Posted by Strainu on September 23, 2008
From Bucharest / No Comments

Versiunea română aici.

The road
Map

To get to Sibiu from Bucharest you need to follow the A1/E81 to Piteşti (115km), pass on the newly built ring road and continue on the E81 to Râmnicu Vâlcea (68km), Cozia (17km) and finally Sibiu (90km), for a total of about 200km. The road is quite good, except for some parts of Dealu Negru where the road has collapsed and is currently being rebuilt. From Cozia to Sibiu there are another 100km of not-so-good roads. There are also some sections where the circulation takes place on 1 lane, controlled by traffic lights.

The trip takes about 4 hours without speeding. You could probably do it in 3h15-3h30 with a radar detector.

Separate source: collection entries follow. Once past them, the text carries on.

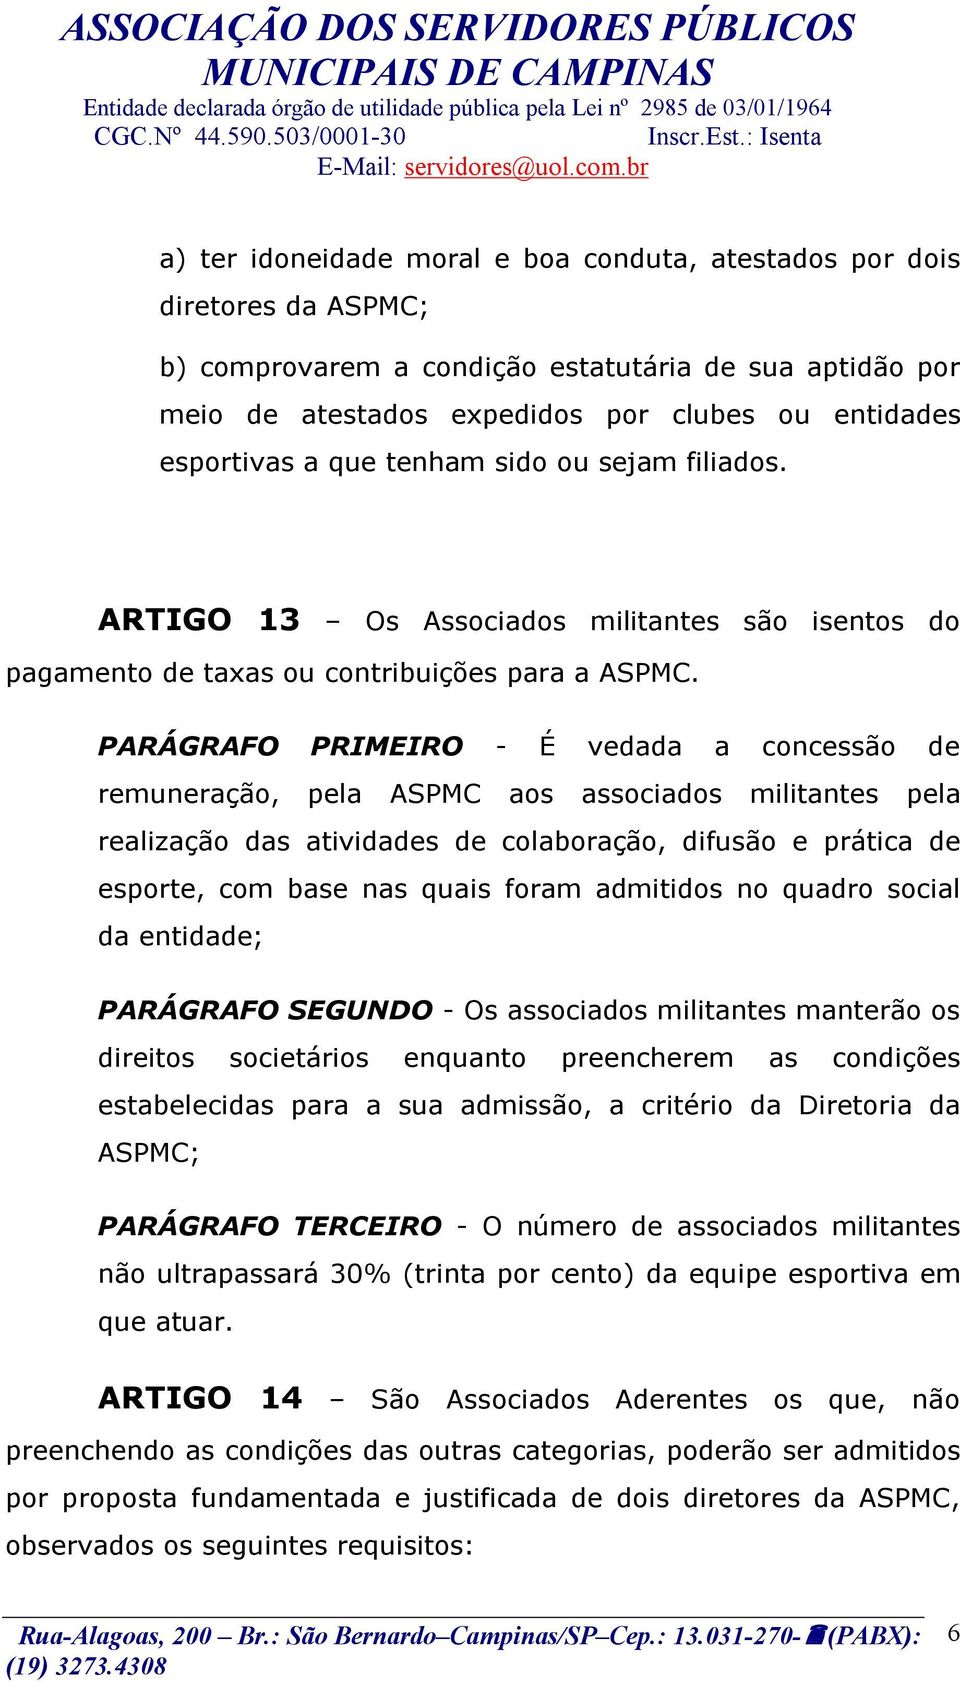 PARÁGRAFO PRIMEIRO - É vedada a concessão de remuneração, pela ASPMC aos associados militantes pela realização das atividades de colaboração, difusão e prática de esporte, com base nas quais foram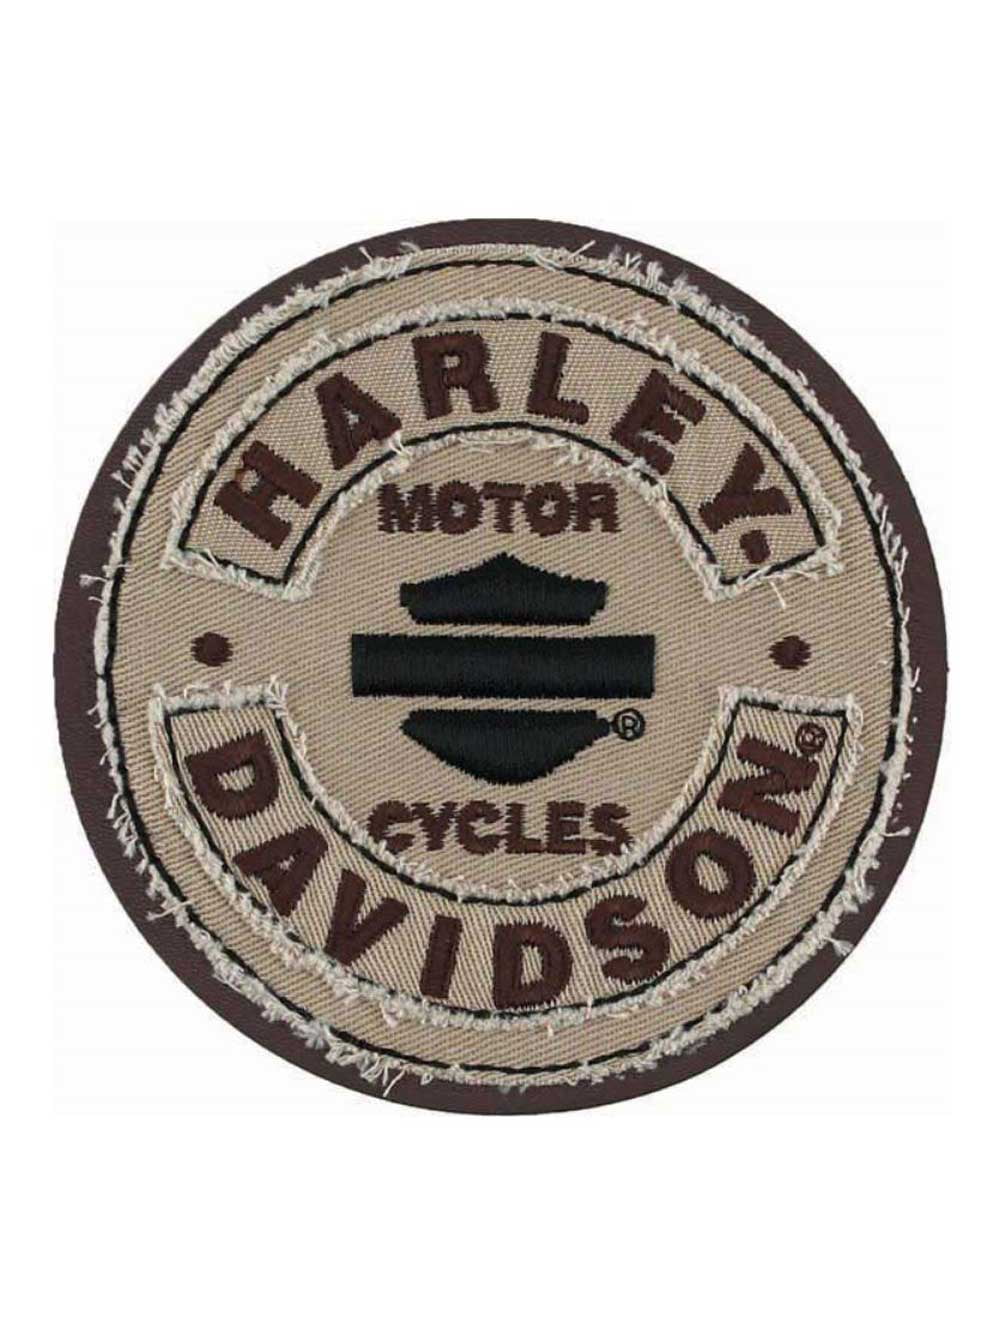 Harley-Davidson Embroidered Edgy Emblem Patch, 8 x 6, Black & Burgundy EM321364, Size: Large, BlackBurgundy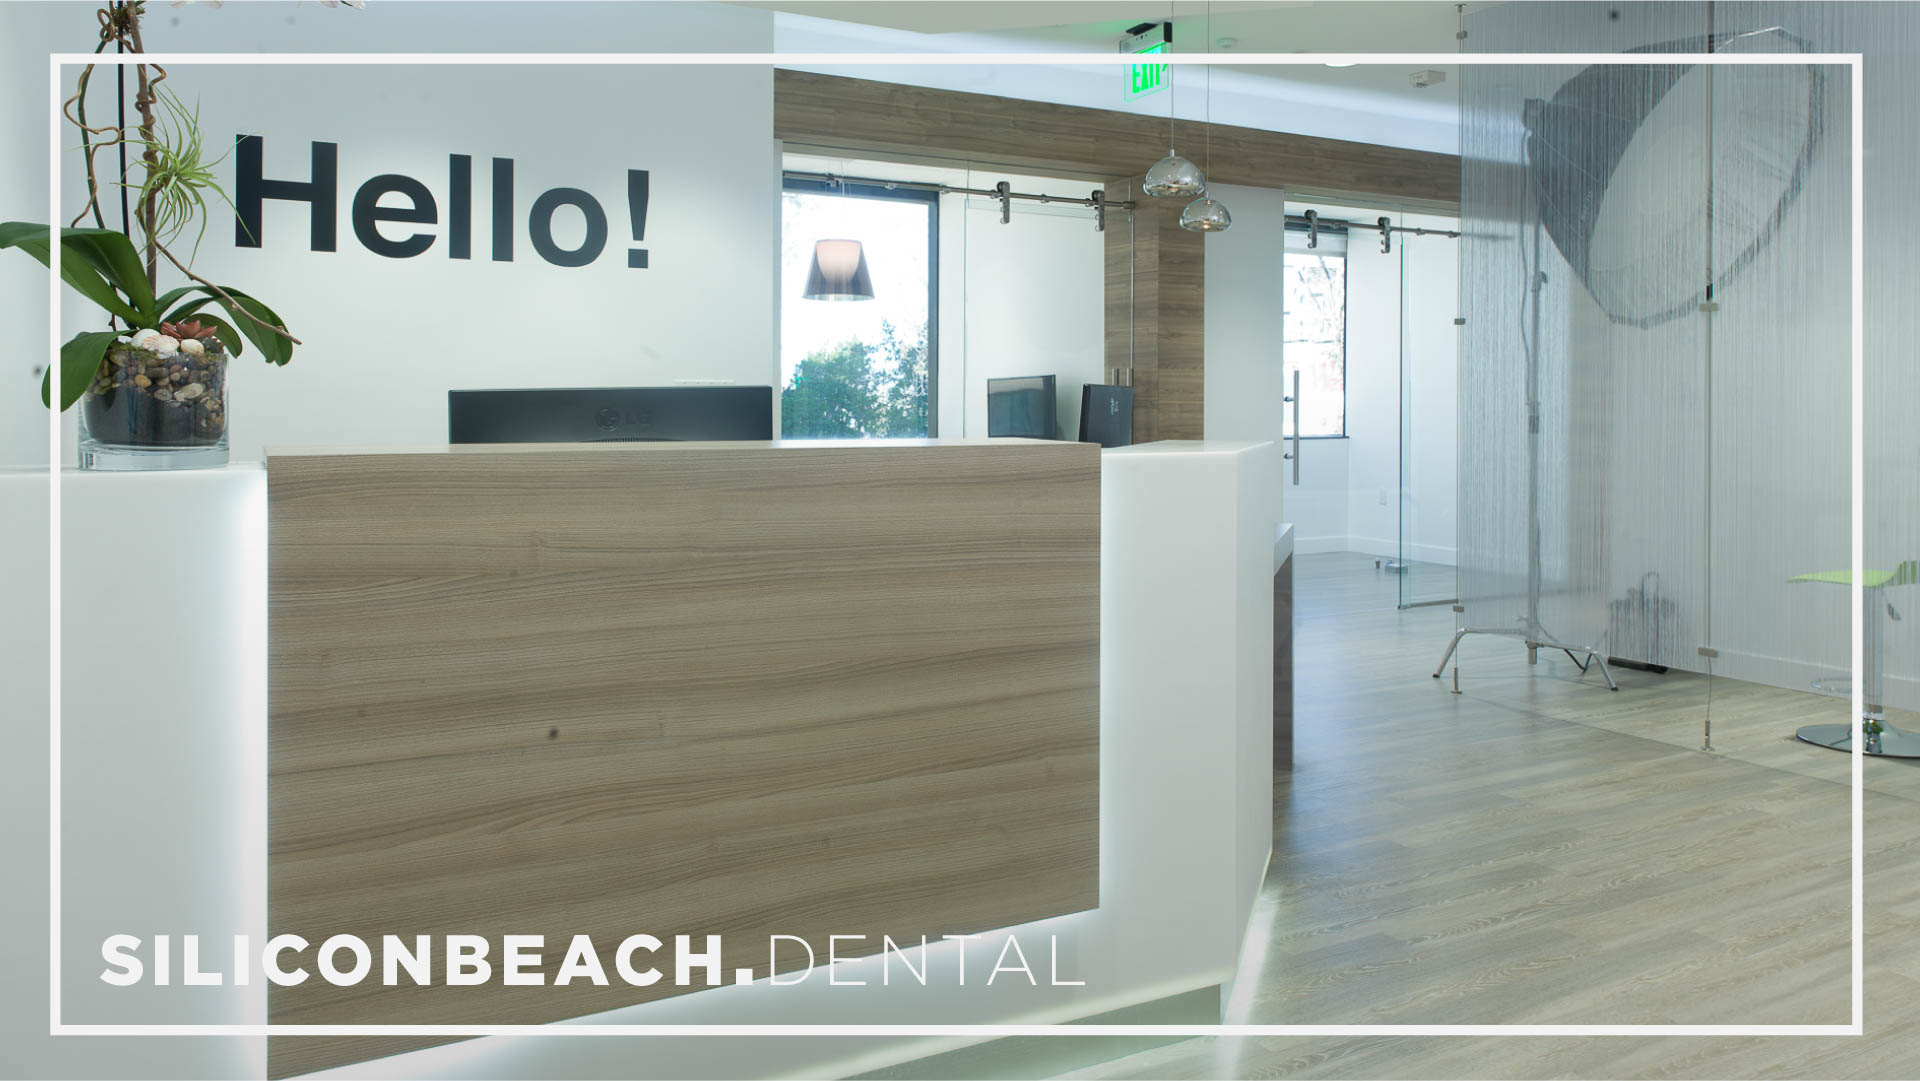 Silicon Beach Dental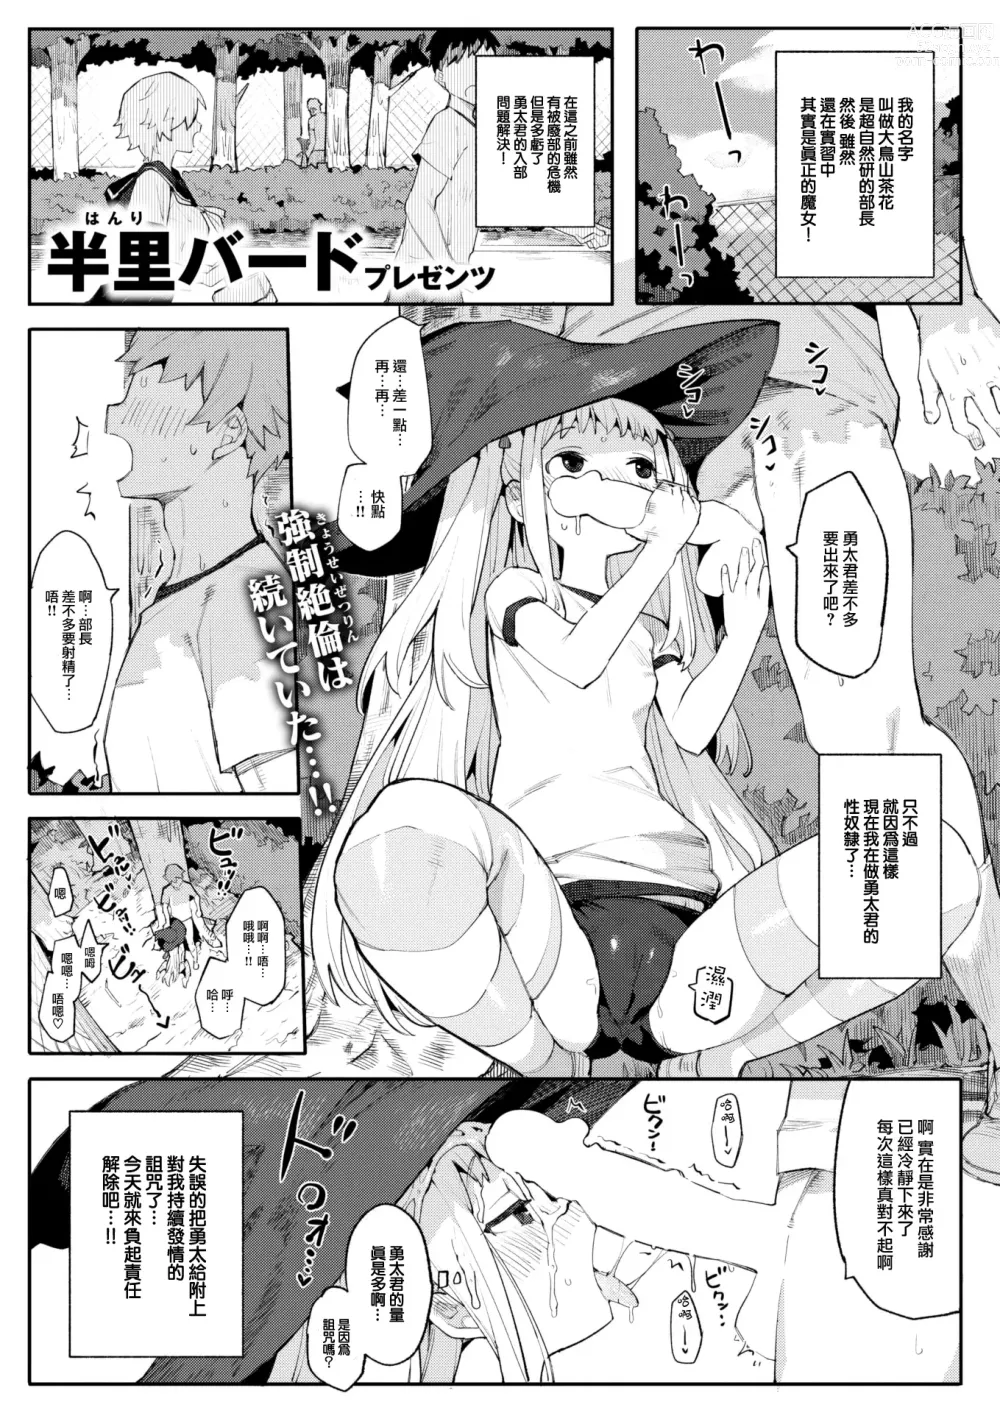 Page 3 of manga Majo wa hoshikute shikata ga nai!

If you go by train, the trip takes about 5h30 and costs from 45 to 60 lei.

Rating: ★★★½☆

Accommodation

Accomodation in Sibiu is expensive and quite bad. I can’t really recommend any place, except the Old Town Hostel. It would be much better if you searched for hosting in the villages near Sibiu. You could try getting some hosting from Antrec, the Romanian branch of Eurogites.

Rating: ★★☆☆☆

What to see

The pedestrian area of Sibiu is interesting. You can see numerous old houses from the 16th and 17th centuries. Piaţa Mare and Piaţa Mică (The Big and Small squares) are linked by small streets and stairs. In the same area you can find the famous Podul Minciunilor (The Liars Bridge).

All the city’s museums are there: the Bruckental Museum, the historical museum, the Lutheran Church, etc. The Towers and citadel, which limit the old town are also nice to visit.

If you’re in town for a little longer, you might want to visit the Astra Museum, near Sibiu.

DSC04763DSC04755

DSC04760DSC04754

Rating: ★★★★½

Alternatives

From Râmnicu-Vâlcea you can go left in DN67 to Târgu Jiu and visit some monasteries and some caves.